One of my top priorities is maintaining and expanding flexibility in Federal highway programs. States are best positioned to understand their own transportation needs. Kansans should not be forced into the same mold as New York or California. A rural road that carries wheat, cattle, schoolbuses, and animals serves a very different purpose than a major urban corridor. Federal policy should respect those differences.

The BUILD America 250 Act provides States and local communities with the flexibility to direct resources where they need it most. It also helps ensure taxpayer dollars are used effectively instead of being tied up in Washington-driven mandates that do not fit local realities.

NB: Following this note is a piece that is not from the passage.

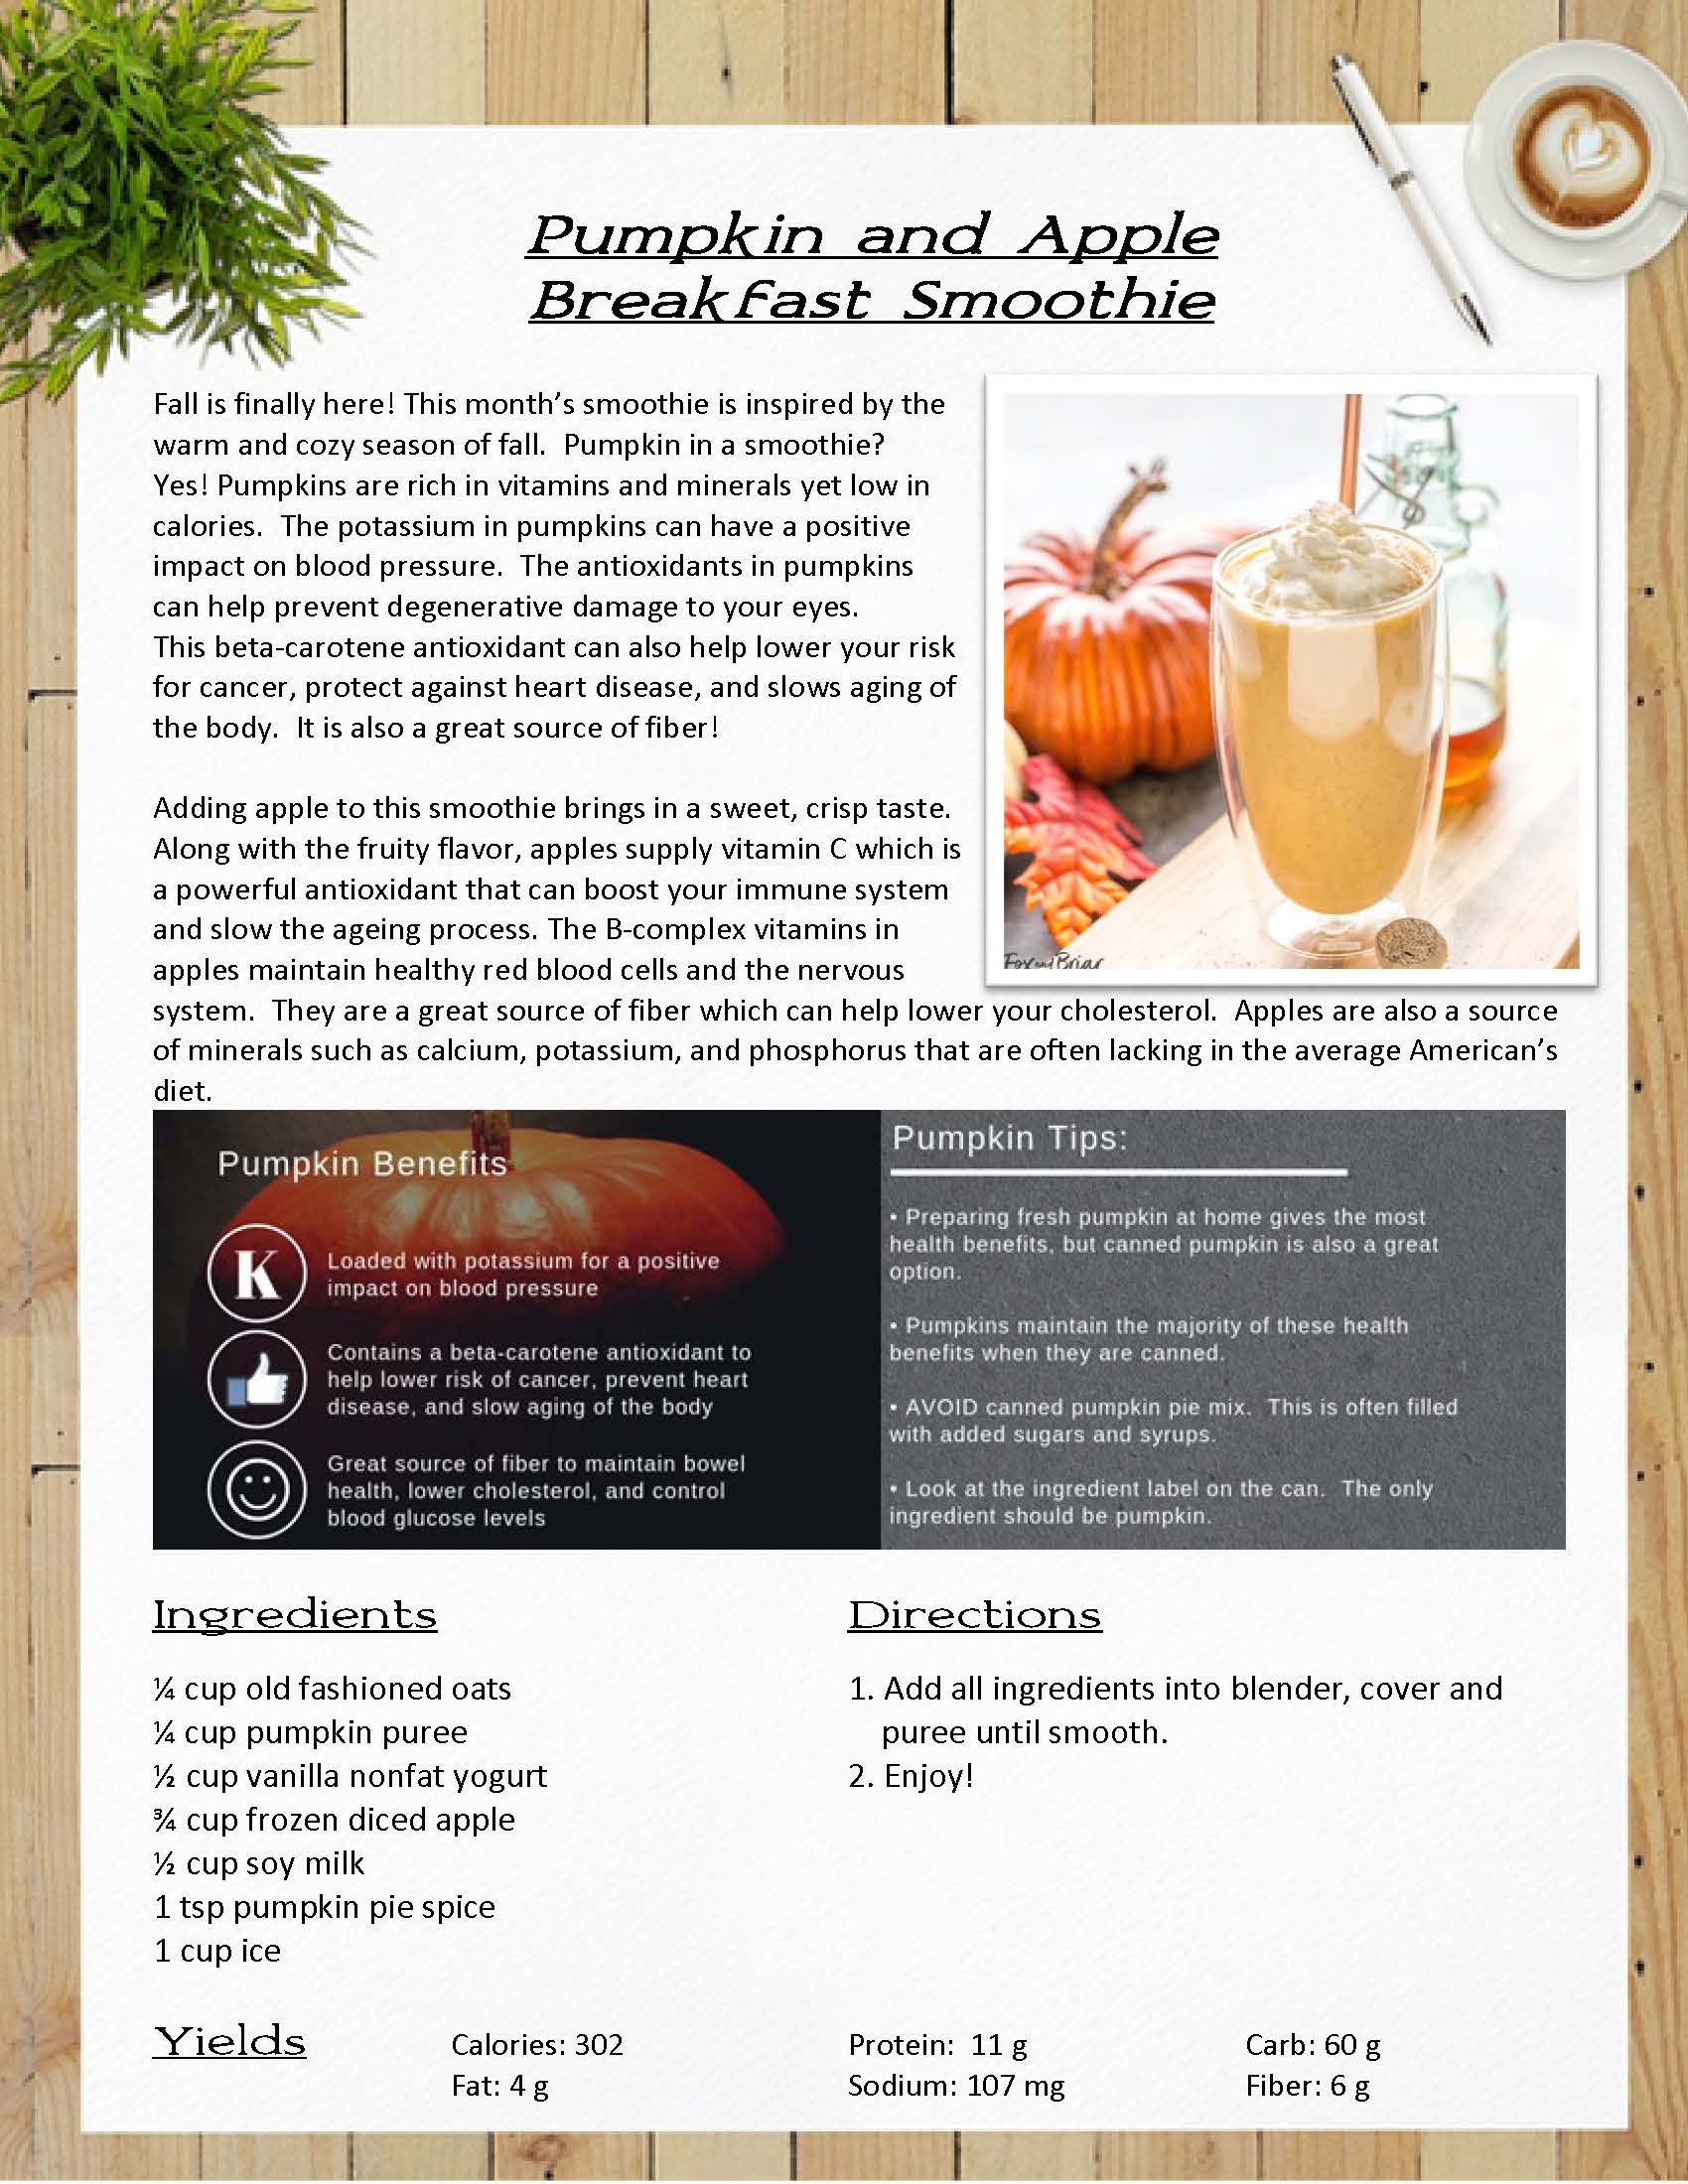 Pumpkin & Apple Breakfast Smoothie
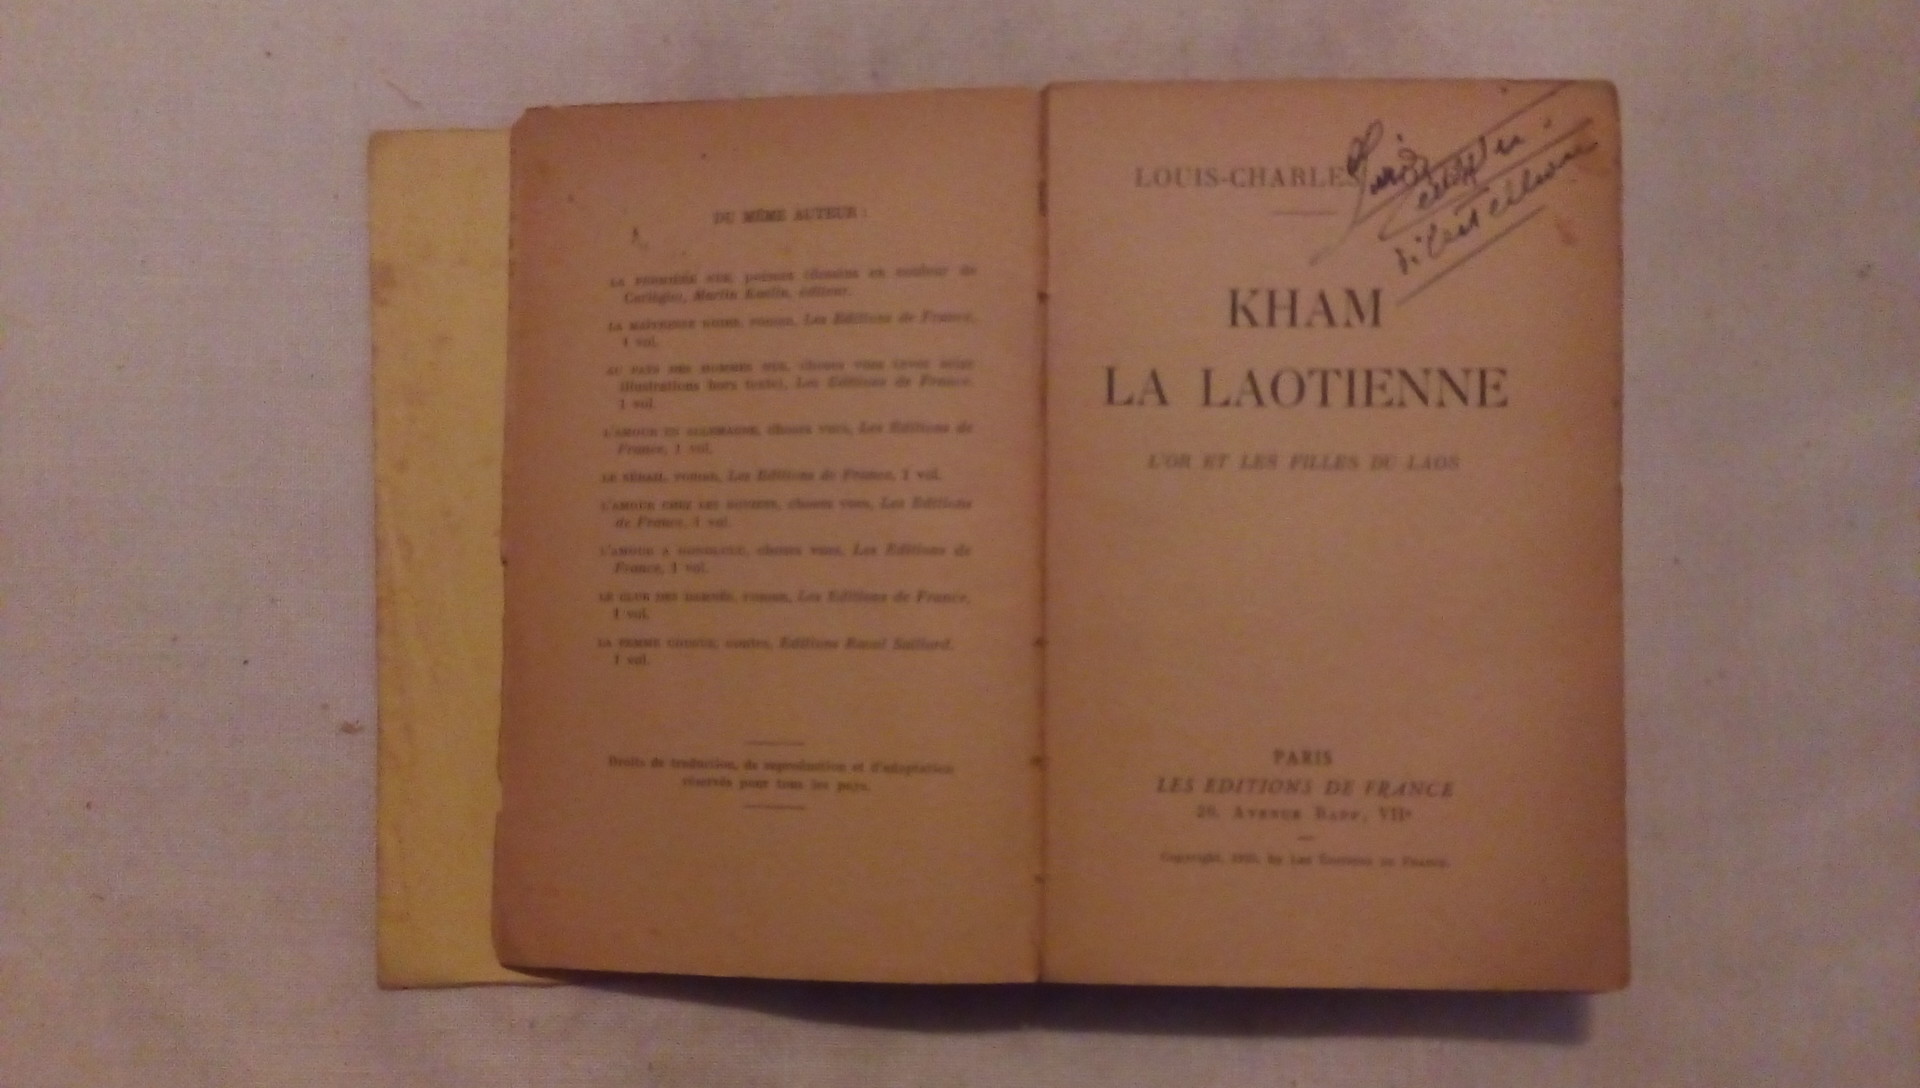 Kham la laotienne - Louis Charles - Editions de France

Finally, we are addressing the long-term solvency of the highway trust fund. The trust fund was created to provide a dedicated revenue source for the construction of the interstate highway system. It was built on a user-pays principle, with Federal fuel taxes serving as the main funding source.

That principle is still the right one, but the current model is no longer sustainable. American vehicles have become more fuel efficient, and some Americans even drive electric vehicles. That is why our legislation updates the highway trust fund, ensuring owners of electric vehicles still contribute to the maintenance of the roads they also rely on.

We are preserving the conservative idea that those who use the system help pay for it, while modernizing the way we keep our trust fund solvent and focus on our core mission.

Mr. Speaker, America is a nation that builds. That spirit helped President Eisenhower, a proud Kansan, leave a transportation legacy that still serves our country today.

The House Transportation and Infrastructure Committee is honoring that legacy by focusing on the basics, respecting States, spending taxpayer dollars wisely, and strengthening the roads, bridges, and freight networks that keep America moving. I urge my committee colleagues to support the BUILD America 250 Act going forward.